Exercise >> Go through the data and copy every line exactly, but not the images.

Items from a data source

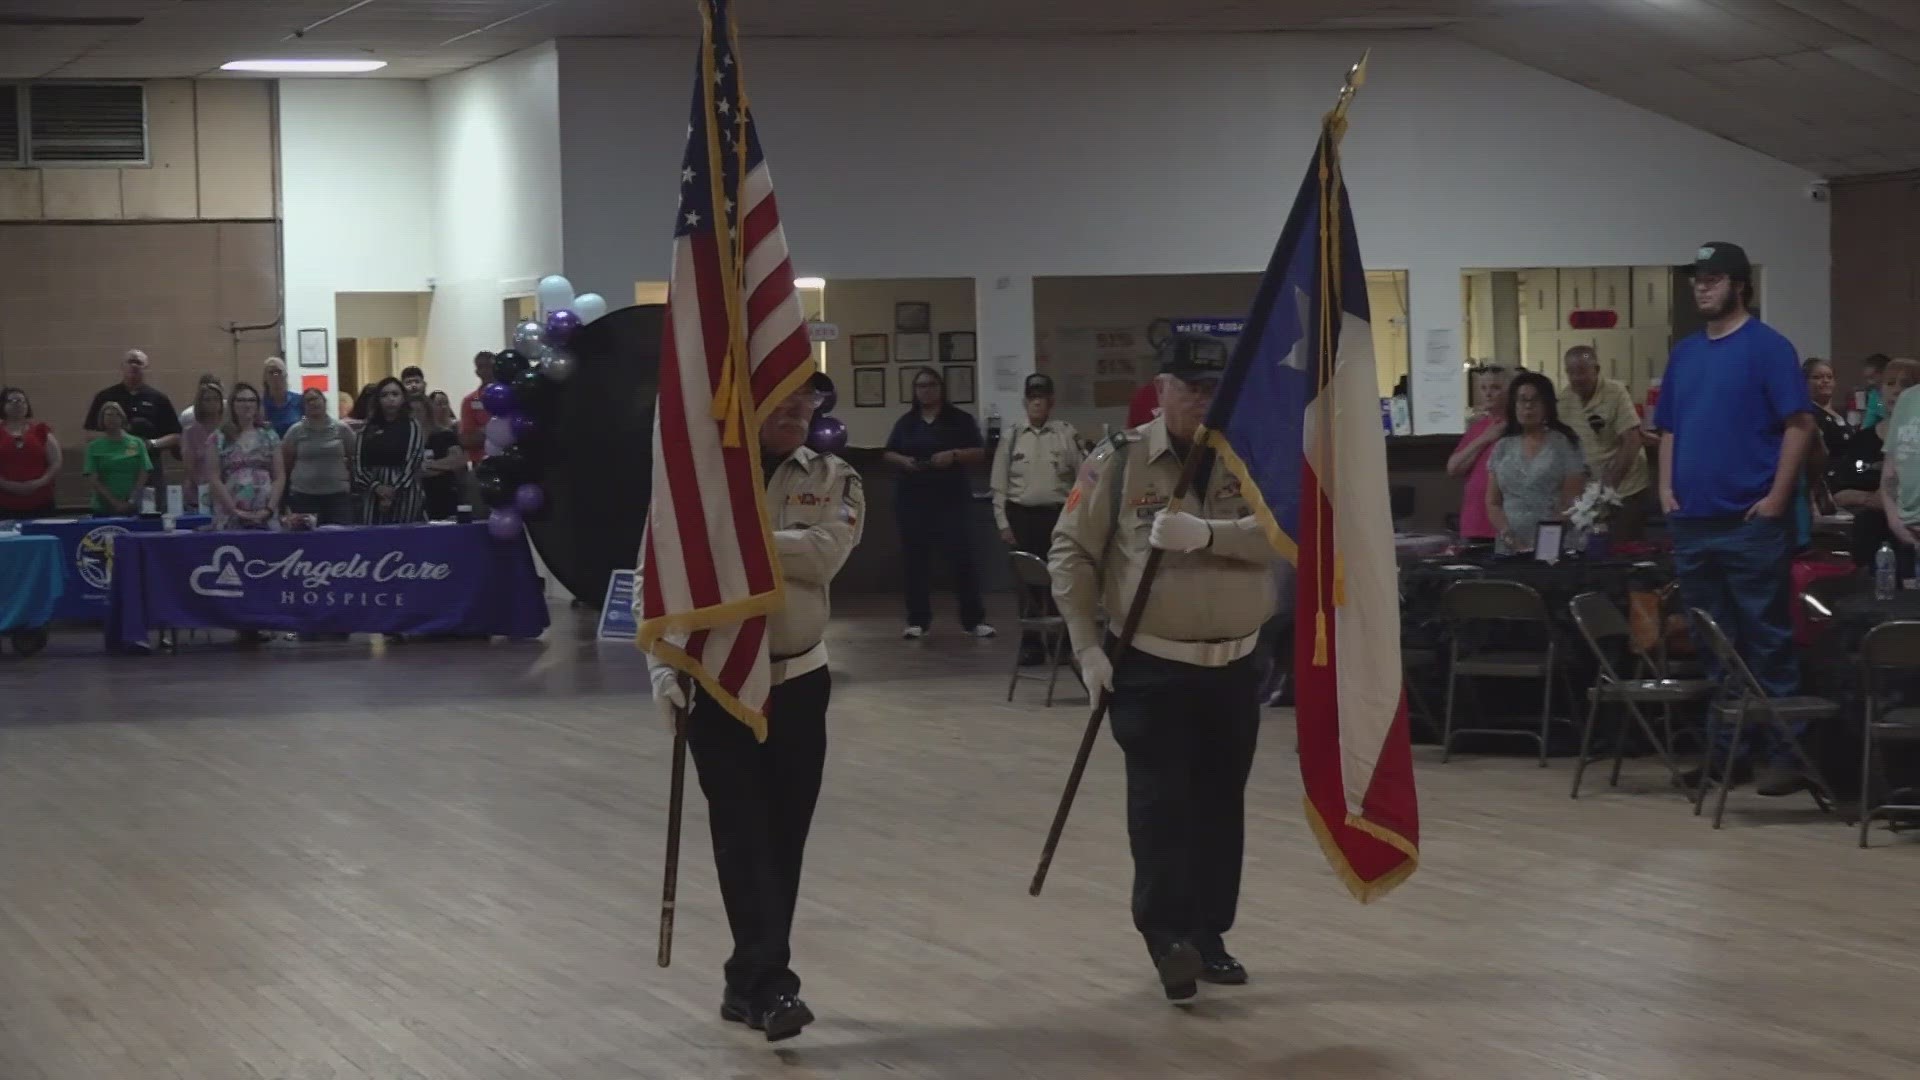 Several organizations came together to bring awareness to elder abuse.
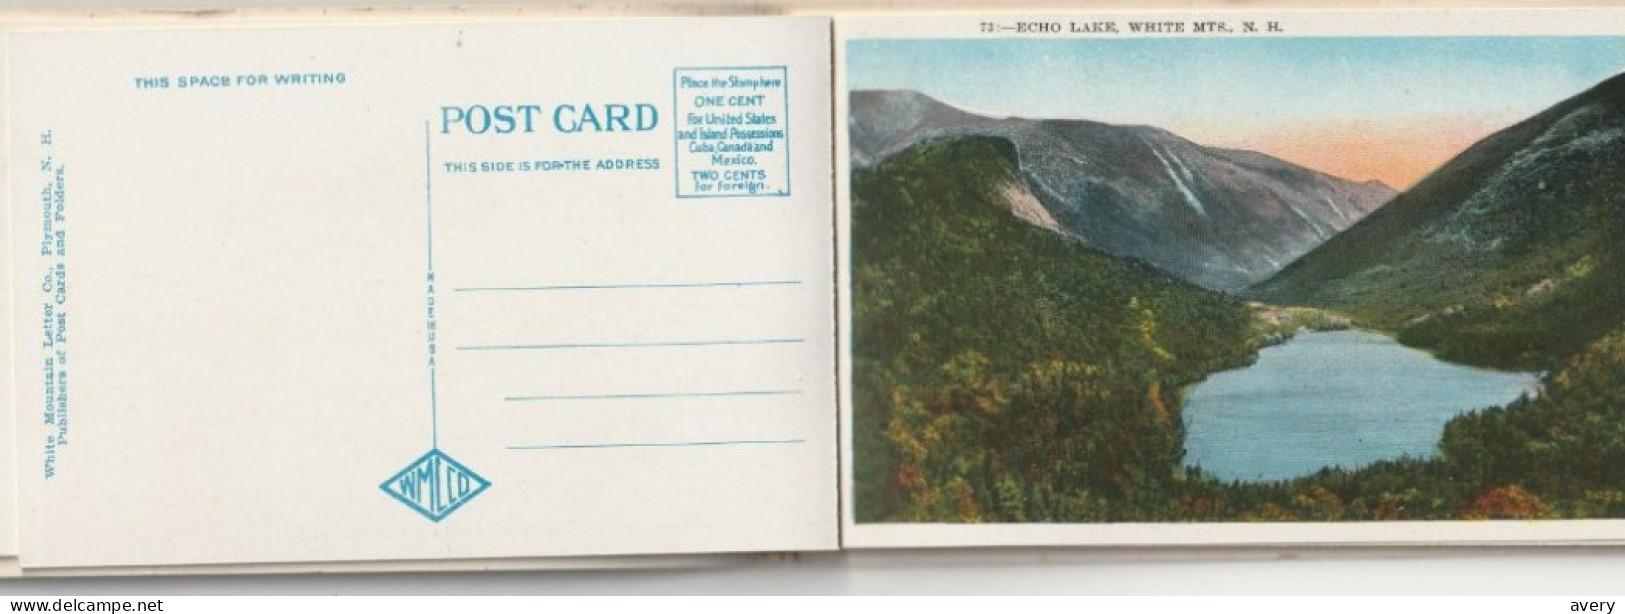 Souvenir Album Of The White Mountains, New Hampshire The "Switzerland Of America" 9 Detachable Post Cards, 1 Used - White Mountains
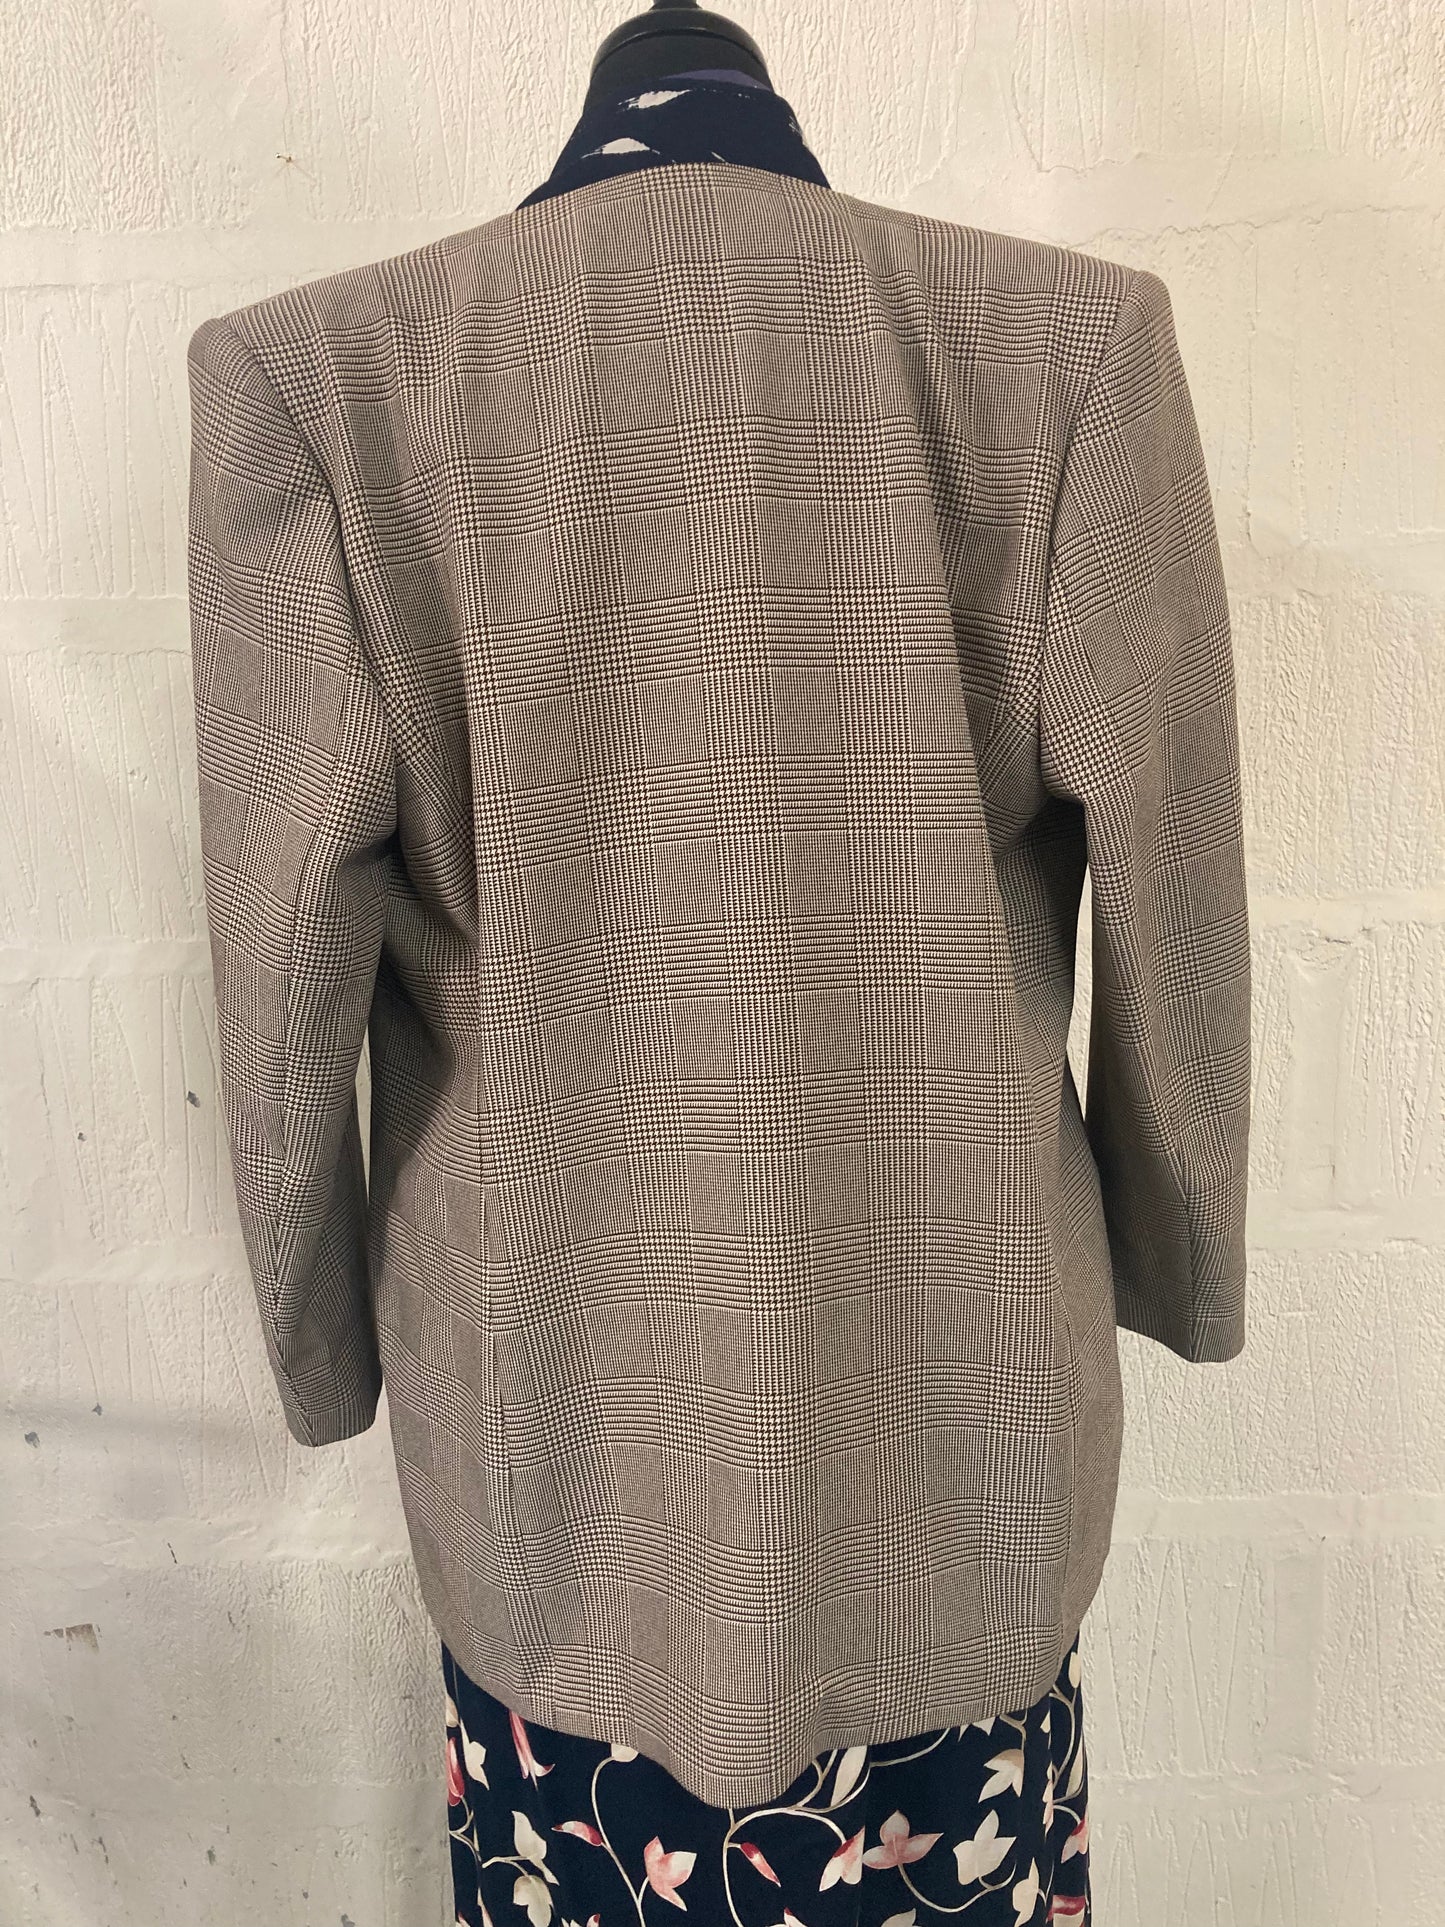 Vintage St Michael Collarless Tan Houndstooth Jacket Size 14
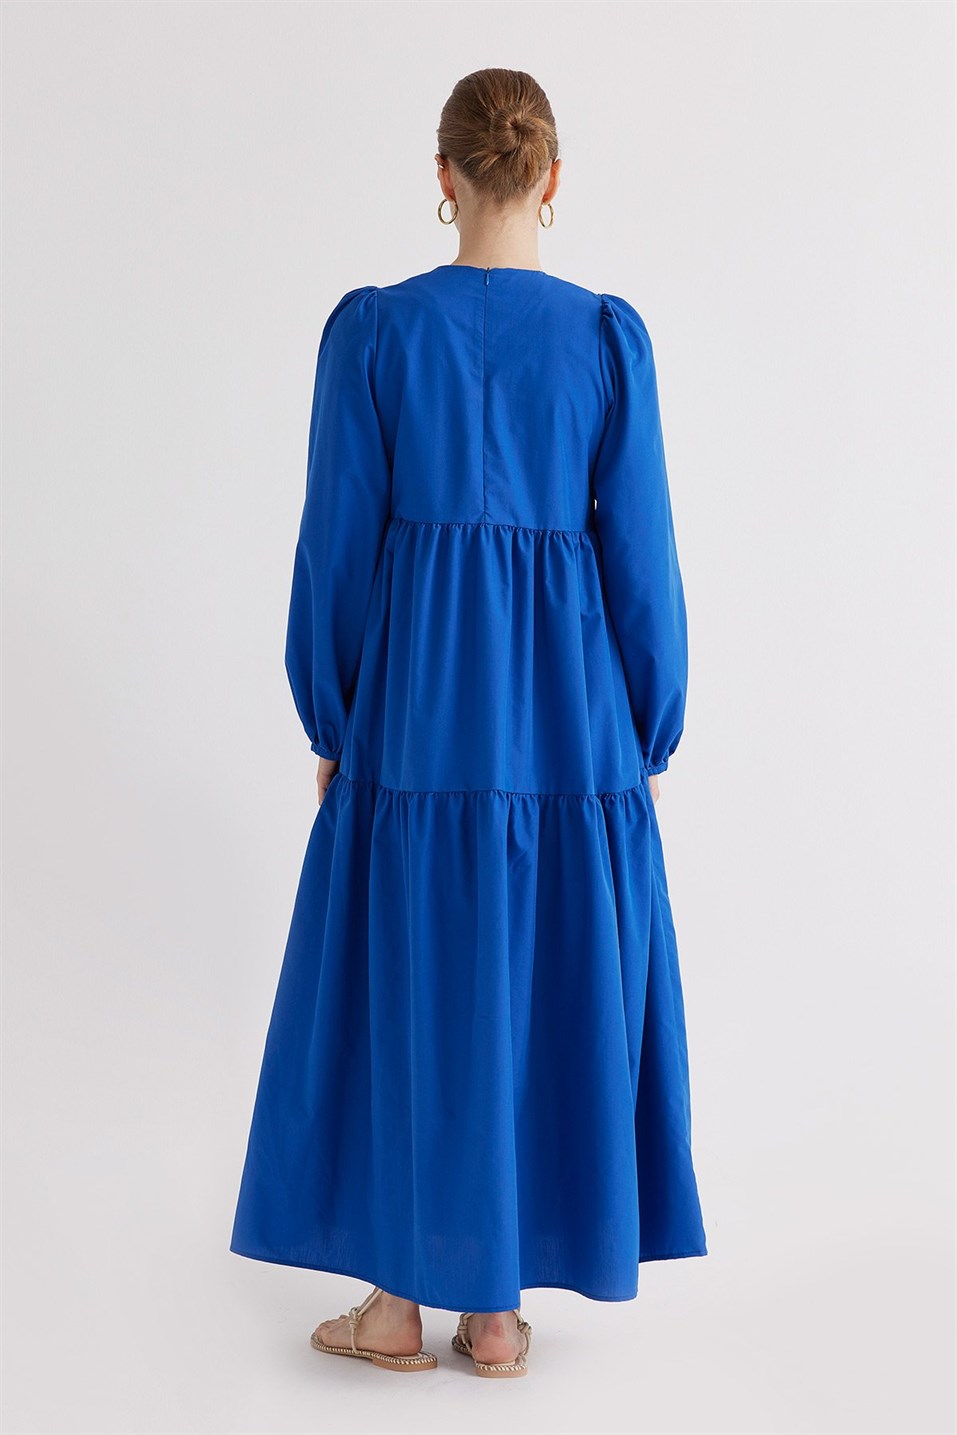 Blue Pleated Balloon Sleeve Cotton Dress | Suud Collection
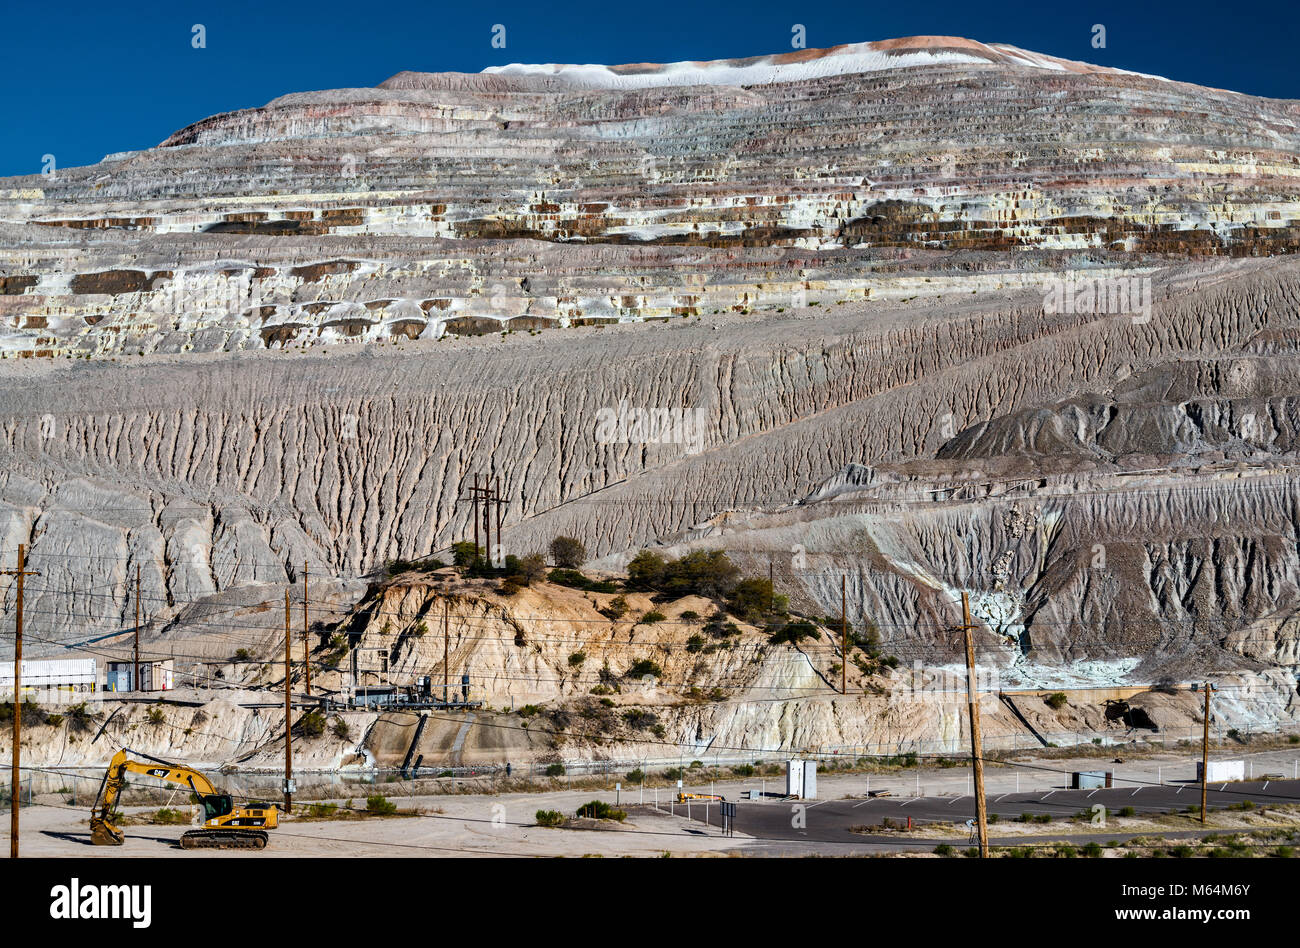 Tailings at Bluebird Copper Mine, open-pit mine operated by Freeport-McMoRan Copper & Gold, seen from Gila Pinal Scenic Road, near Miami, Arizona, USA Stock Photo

Written reply >>
 Several organizations came together to bring awareness to elder abuse.
 Souvenir Album Of The White Mountains, New Hampshire The "Switzerland Of America" 9 Detachable Post Cards, 1 Used - White Mountains
 Vintage St Michael Collarless Tan Houndstooth Jacket Size 14
 Blue Pleated Balloon Sleeve Cotton Dress | Suud Collection
 Tailings at Bluebird Copper Mine, open-pit mine operated by Freeport-McMoRan Copper & Gold, seen from Gila Pinal Scenic Road, near Miami, Arizona, USA Stock Photo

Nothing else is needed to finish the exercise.